Order, Supreme Court, Bronx County (Alexander W. Hunter, Jr., J.), entered September 23, 2005, which, to the extent appealed from, denied NED’s motion to disqualify defendants-respondents Georgoulis & Associates, PLLC and Christopher Georgoulis from representing plaintiff (Strongback), unanimously affirmed, with costs.
Plaintiff Strongback was a general contractor on a residential development project. It had been hired by defendant NED, the owner of the property, to oversee the construction of five three-family homes. The parties’ contract provided that the work was to be completed within one year. After nine months, NED’s representatives did an inspection and observed that limited work had been completed. NED then terminated the contract.

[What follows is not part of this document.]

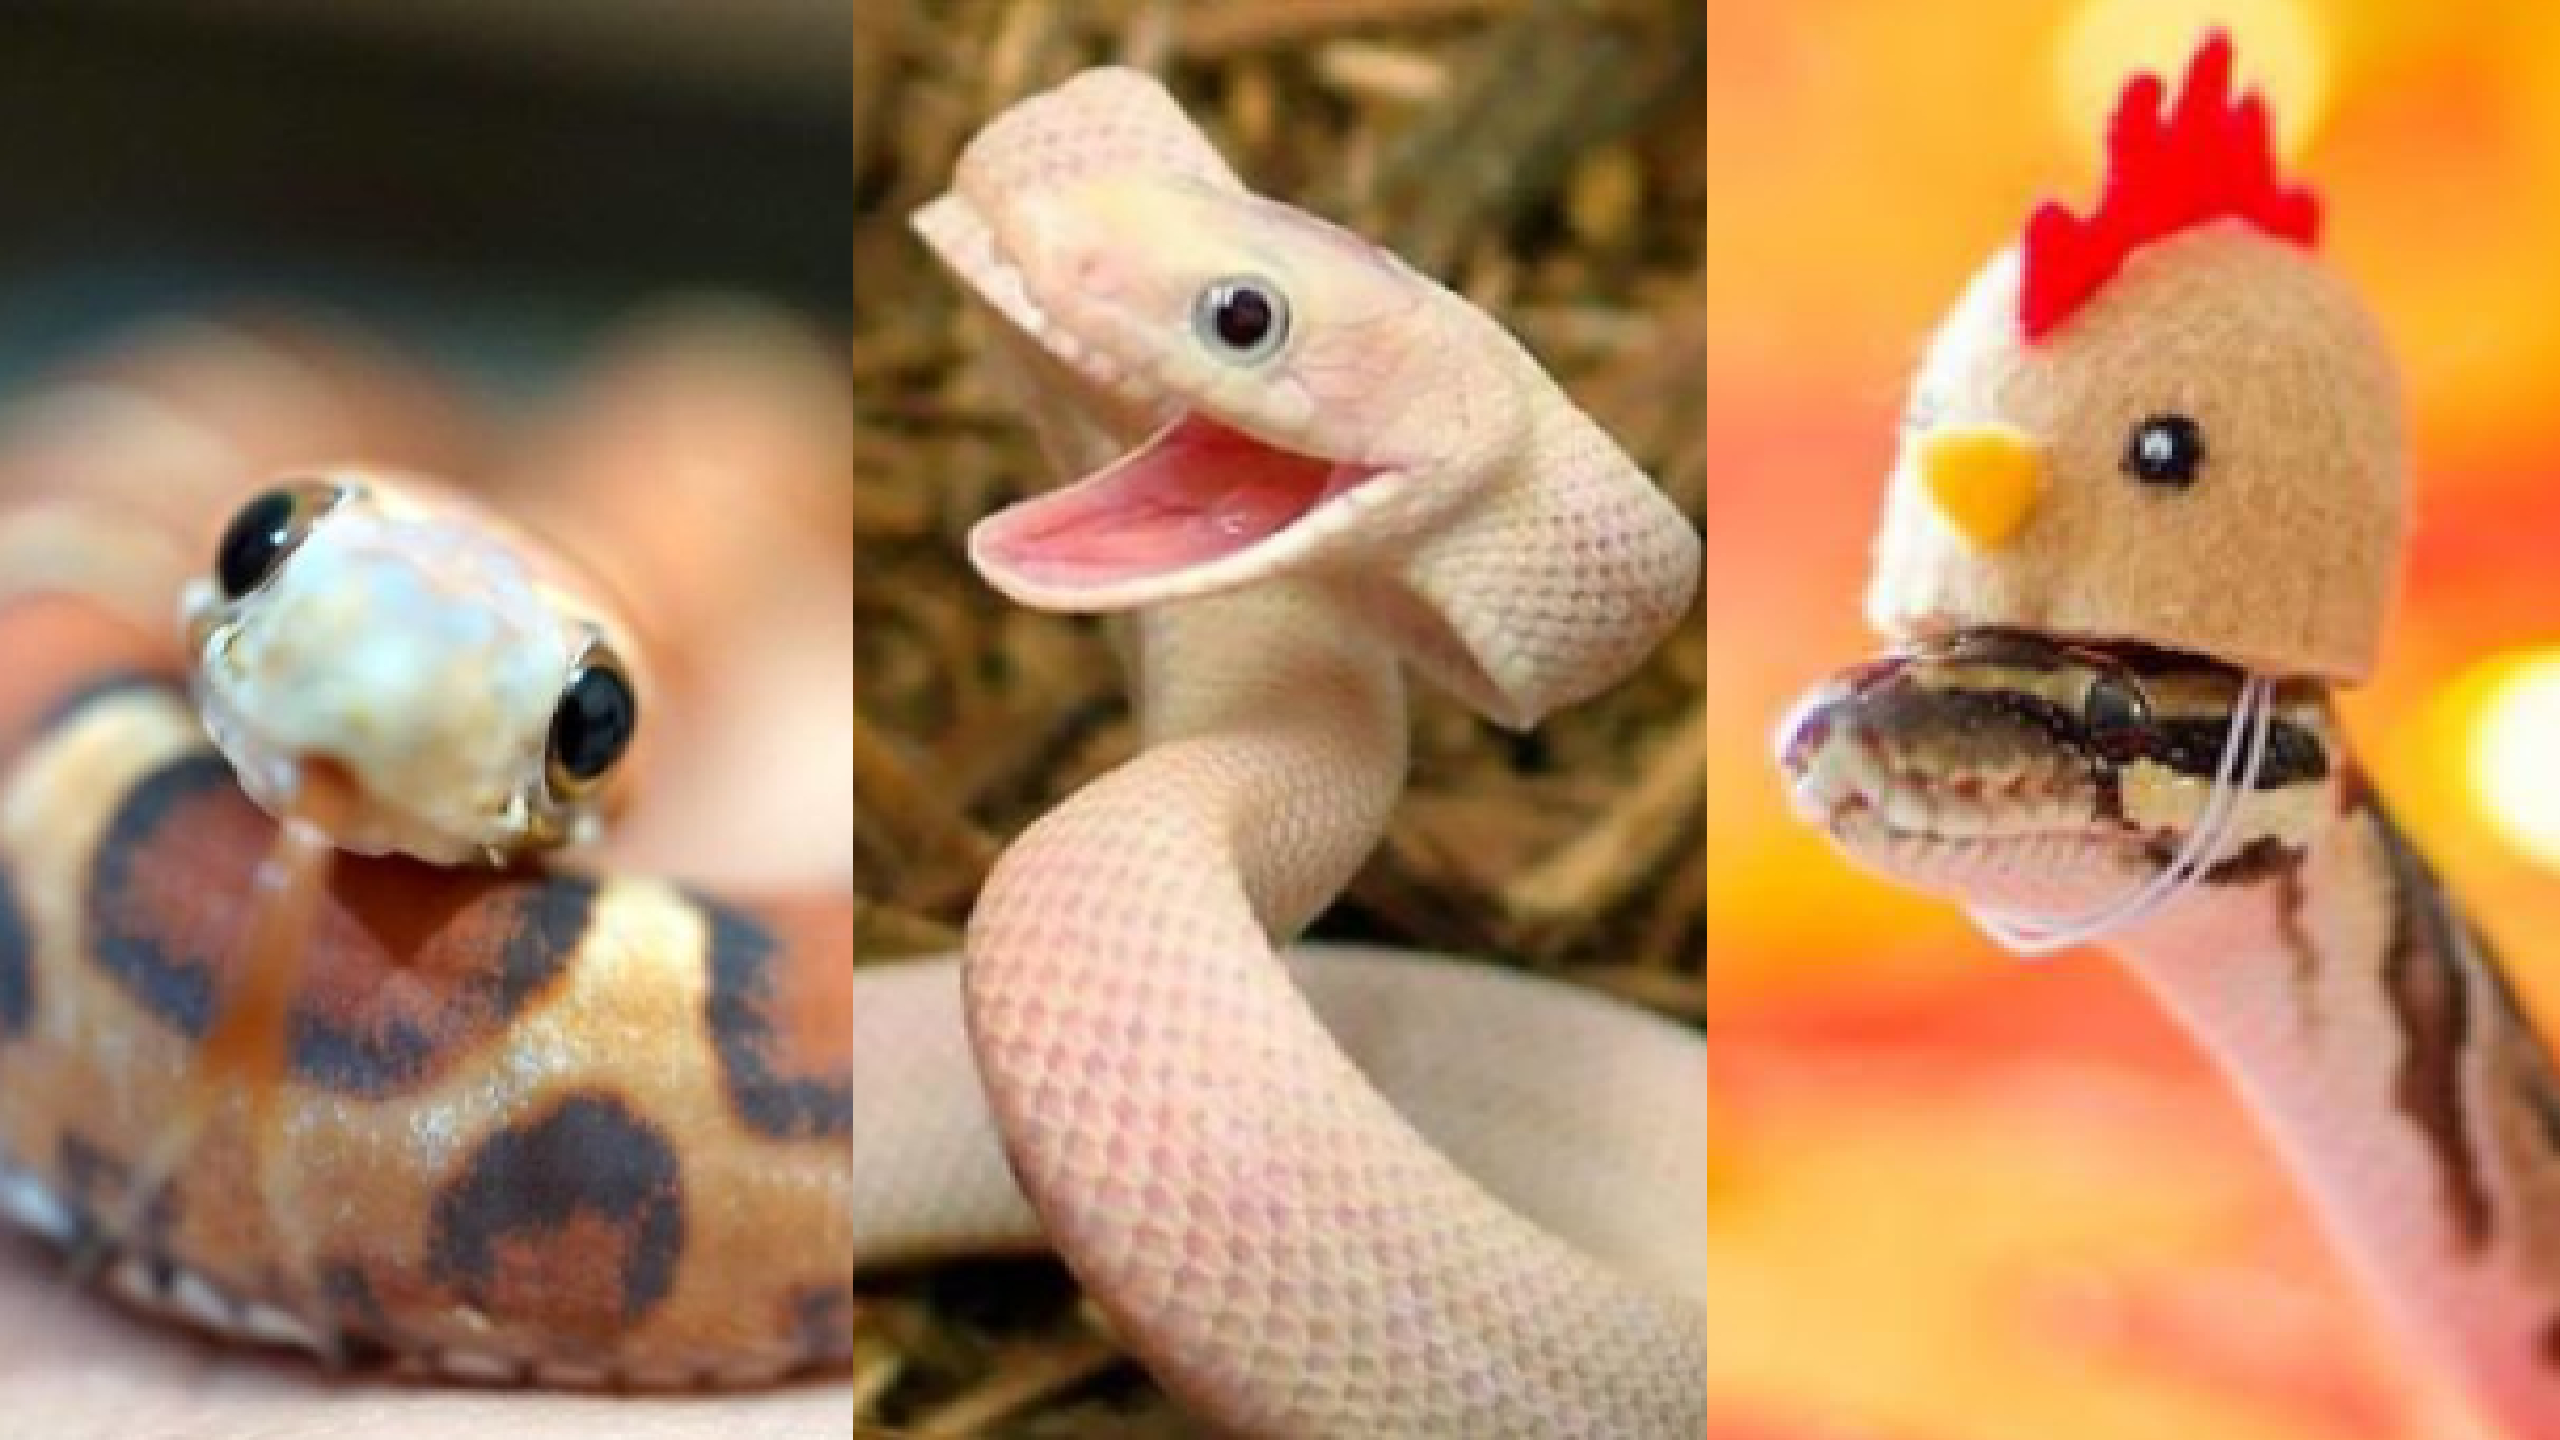 Fotos, Serpientes, Víboras, Lindas, Tiernas, Miedo

Strongback brought this action alleging breach of contract and for foreclosure of a mechanic’s lien. Strongback moved to enforce the lien, and, before serving its answer, NED cross-moved to vacate the lien as void and willfully exaggerated. On a prior appeal, we agreed with NED’s position, stating: “The record establishes that this is not a case involving a mere inaccuracy or honest mistake in setting the amount of the lien. [Strongback] concedes that it received $238,000 from NED. The primary evidence of the value of [Strongback’s] work is NED’s concession that $85,081 in labor and materials was supplied to the project. Even [Strongback’s] own invoice reflects a value of only $122,395 in completed work ($9,500 for tree clearing, $44,007 for excavation and backfill and $68,888 for foundation work). Thus, overlooking the question of whether the sum sought for overhead is lienable, at the time the mechanic’s lien was filed, [Strongback] had been overpaid in the amount of at least $115,605, and its filing of the lien was altogether without justification. These facts conclusively establish that the lien was wilfully exaggerated, leaving only the issue of damages to be determined” (25 AD3d 392, 393-394 [2006] [citations omitted]).

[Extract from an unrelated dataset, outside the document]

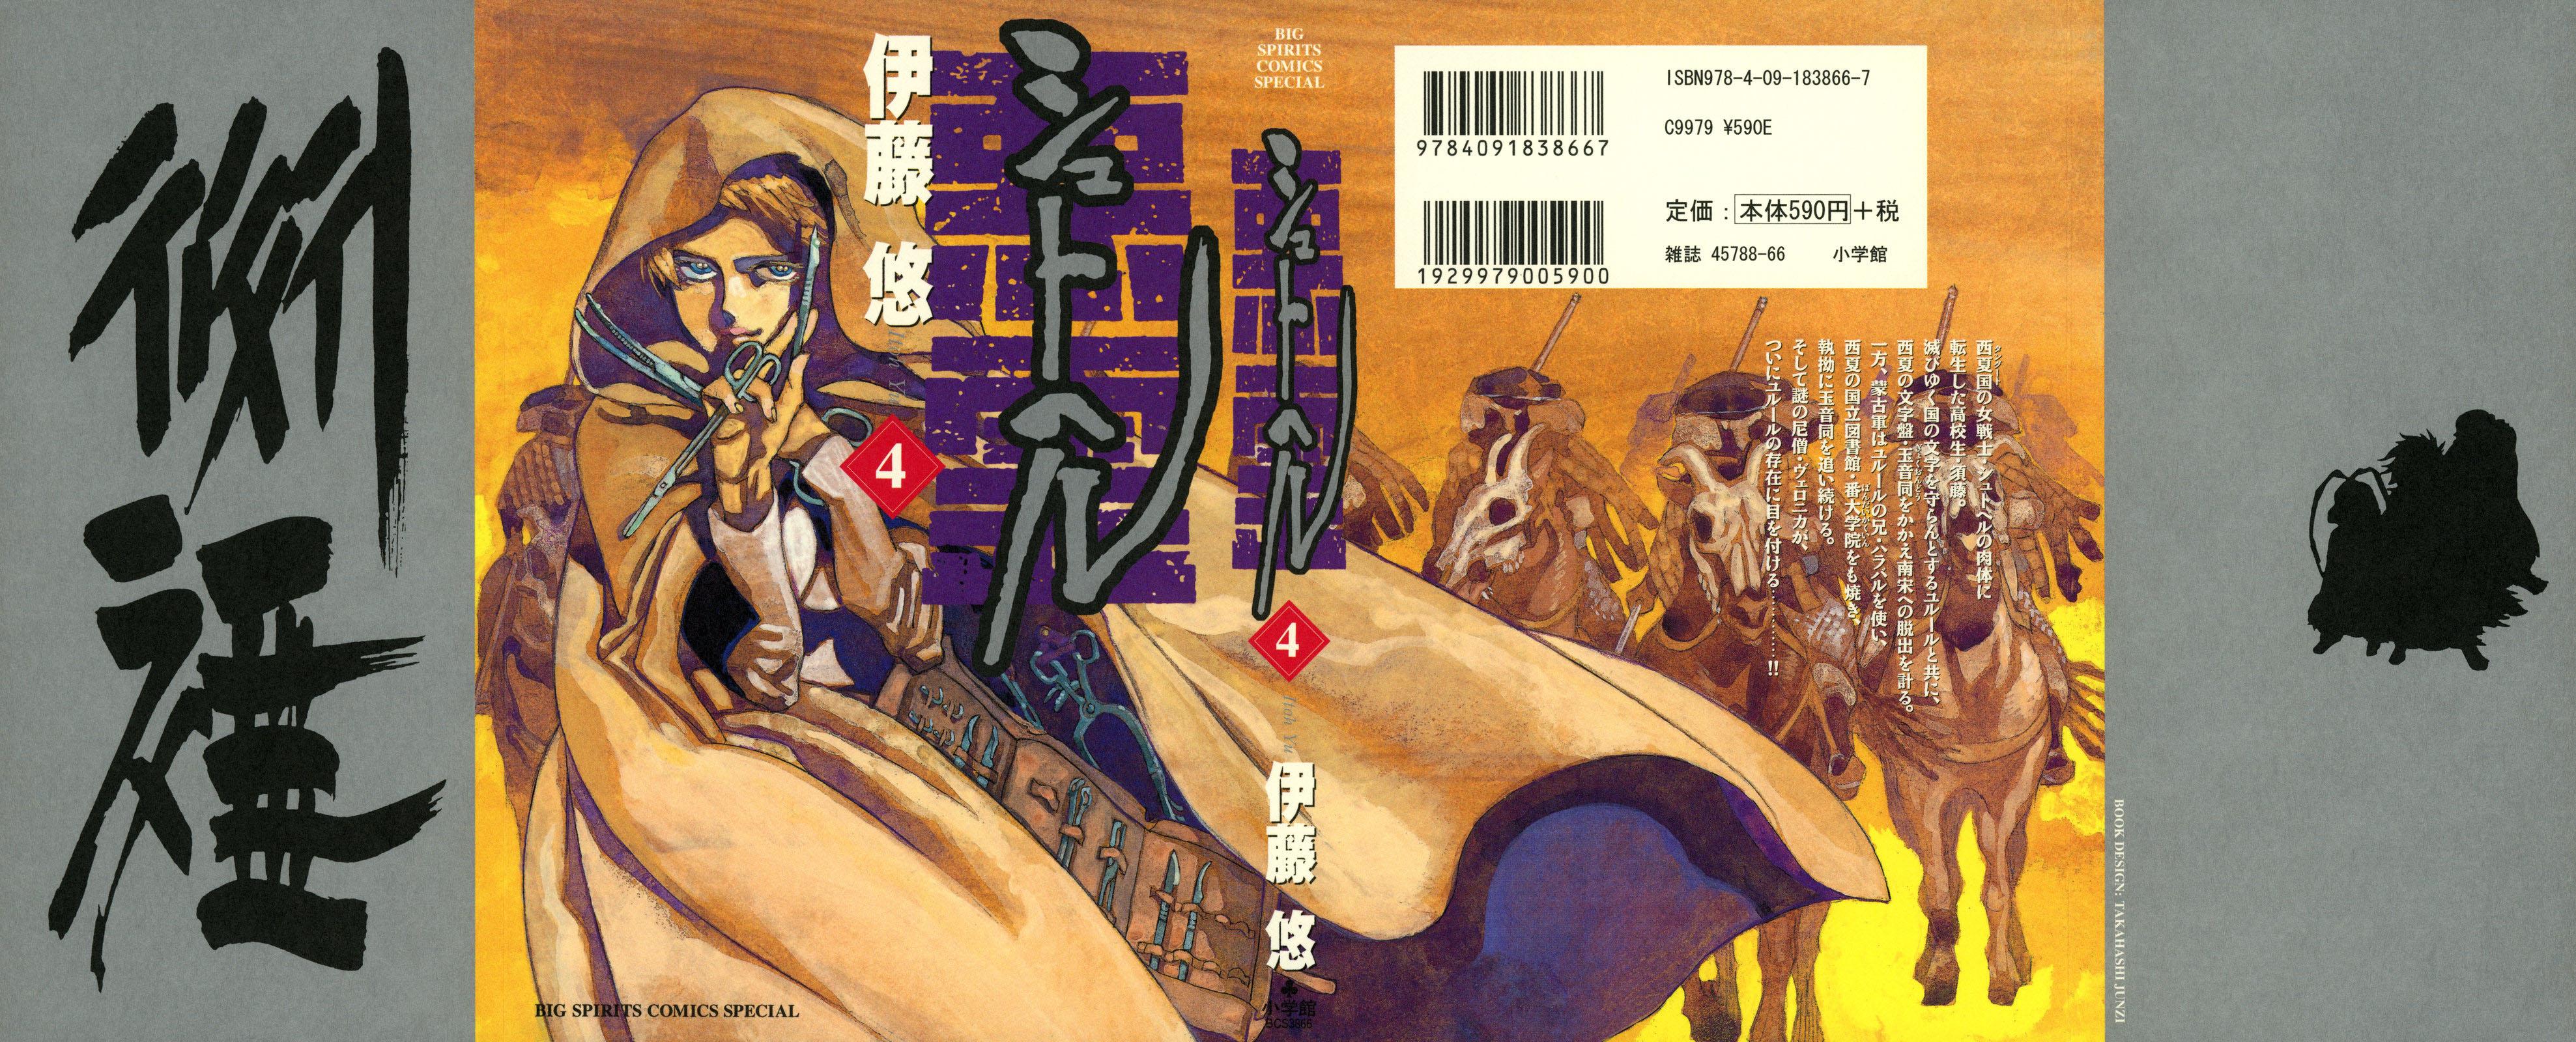 https://nine.mangadogs.com/fr_manga/pic1/30/1118/48295/ShutHell23VF_0_111.jpg Page 1

Before our order was entered on the prior appeal, NED filed a *794summons and answer. In those pleadings, it added Strongback’s attorneys as additional defendants, and it asserted two counterclaims specifically alleging that Strongback’s counsel, Christopher Georgoulis and Georgoulis & Associates, PLLC, were responsible for the exaggerated lien. NED subsequently moved to have plaintiffs counsel disqualified, based upon the “advocate witness rule,” and an alleged conflict with their client. The IAS court denied this motion. We affirm.

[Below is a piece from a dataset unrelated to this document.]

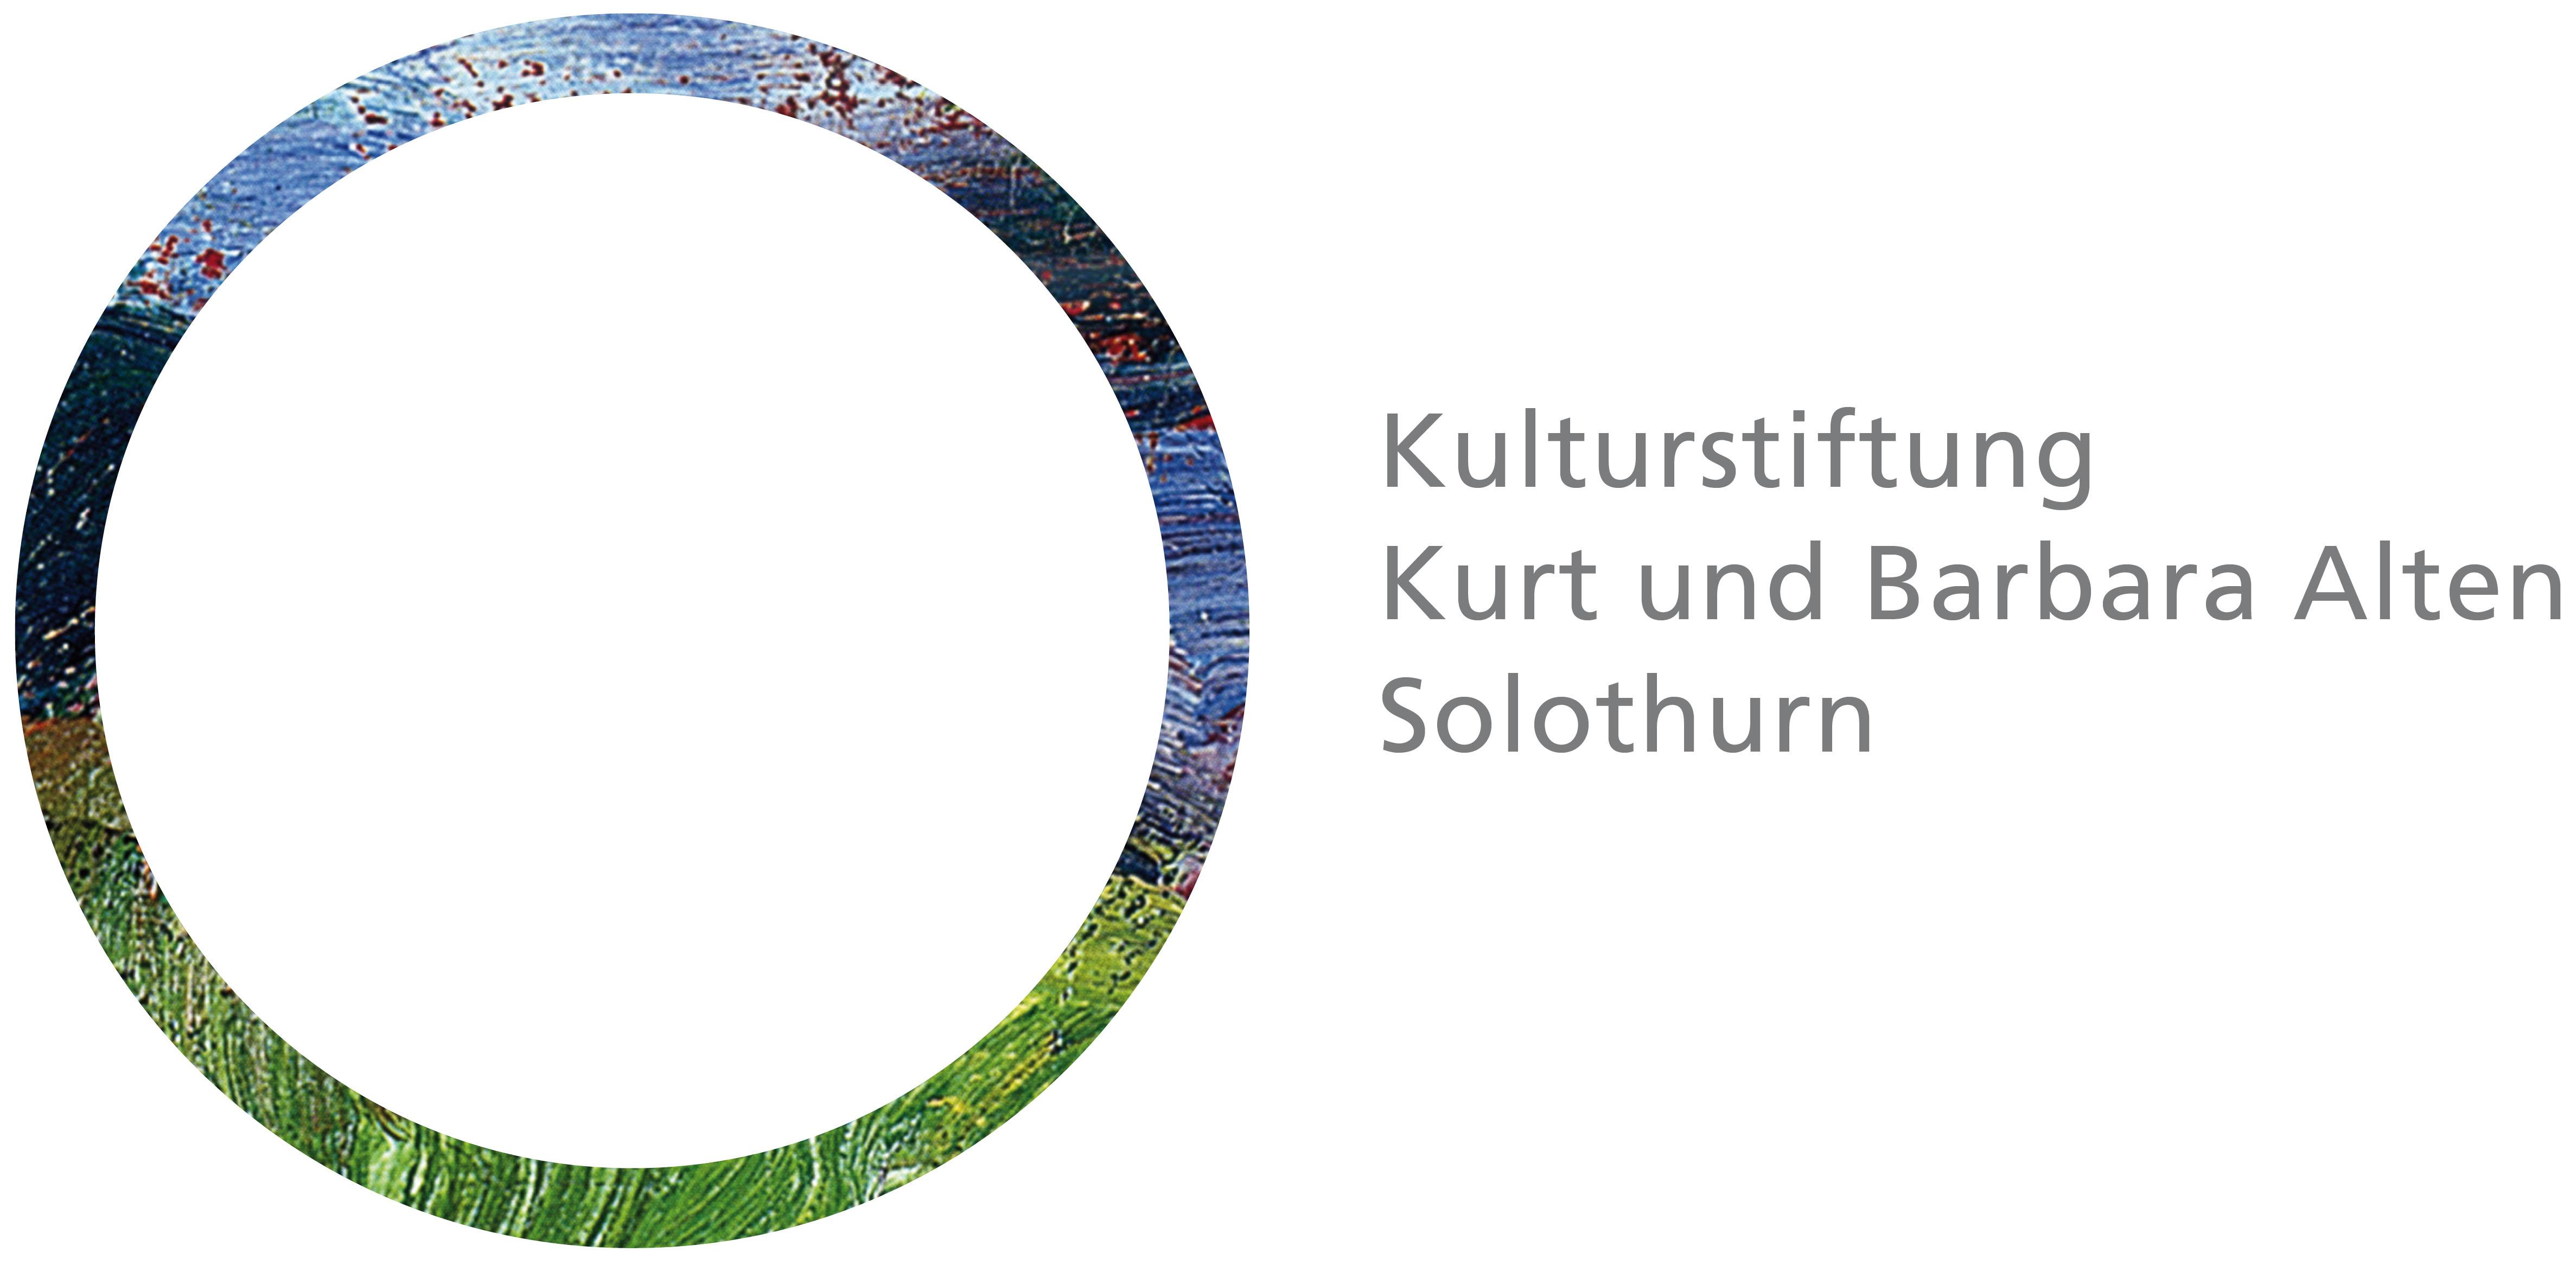 Kulturstiftung Alten

The advocate witness disqualification rules in the Code of Professional Responsibility provide guidance as to situations where a party’s attorneys, at its adversary’s insistence, should be disqualified during the course of litigation (S & S Hotel Ventures Ltd. Partnership v 777 S. H. Corp., 69 NY2d 437, 440 [1987]). However, disqualification decisions cannot be made without consideration of the principle that a civil litigant has a fundamental right to counsel of its choice (see Lightning Park v Wise Lerman & Katz, 197 AD2d 52 [1994]).
NED’s counterclaims baldly allege that Strongback’s attorneys were liable for the exaggeration of the lien because they “signed, verified and filed” it. However, NED, the party bearing the burden on the motion, has not presented facts which would support the allegation of a conflict, that counsel was involved in the underlying transactions, or calculation of the amount of the lien (see 212 E. 10 N.Y. Bar v Samel & Assoc., 249 AD2d 220 [1998]). As the IAS court noted, the record in this case is rife with motion practice, and it shows that there has been little or no substantive discovery. Courts adjudicating disqualification motions must be mindful of the possibility that the motion is made for improper reasons, to “stall and derail the proceedings, redounding to the strategic advantage of one party over another” (S & S Hotel Ventures, 69 NY2d at 443; see generally Talvy v American Red Cross in Greater N.Y., 205 AD2d 143, 149 [1994], affd 87 NY2d 826 [1995]). It appears from the record that counsel’s knowledge was limited to the facts given to them by their client.
Contrary to NED’s current position, this Court’s prior order did not resolve against Strongback’s attorneys the issue of their liability for the exaggerated lien. NED has not demonstrated that testimony from Strongback’s attorneys will be necessary at any joint trial (see S & S Hotel Ventures, 69 NY2d at 445-446).
Accordingly, it was a proper exercise of the court’s discretion to deny defendant’s motion. In addition, to the extent NED’s motion is based on its ostensible solicitude for potential conflict between his adversaries, the IAS court did not err in denying the motion on this ground (Pearl v 305 E. 92nd St. Corp., 156 *795AD2d 122, 123 [1989]). Concur — Mazzarelli, J.P., Andrias, Gonzalez, Sweeny and McGuire, JJ.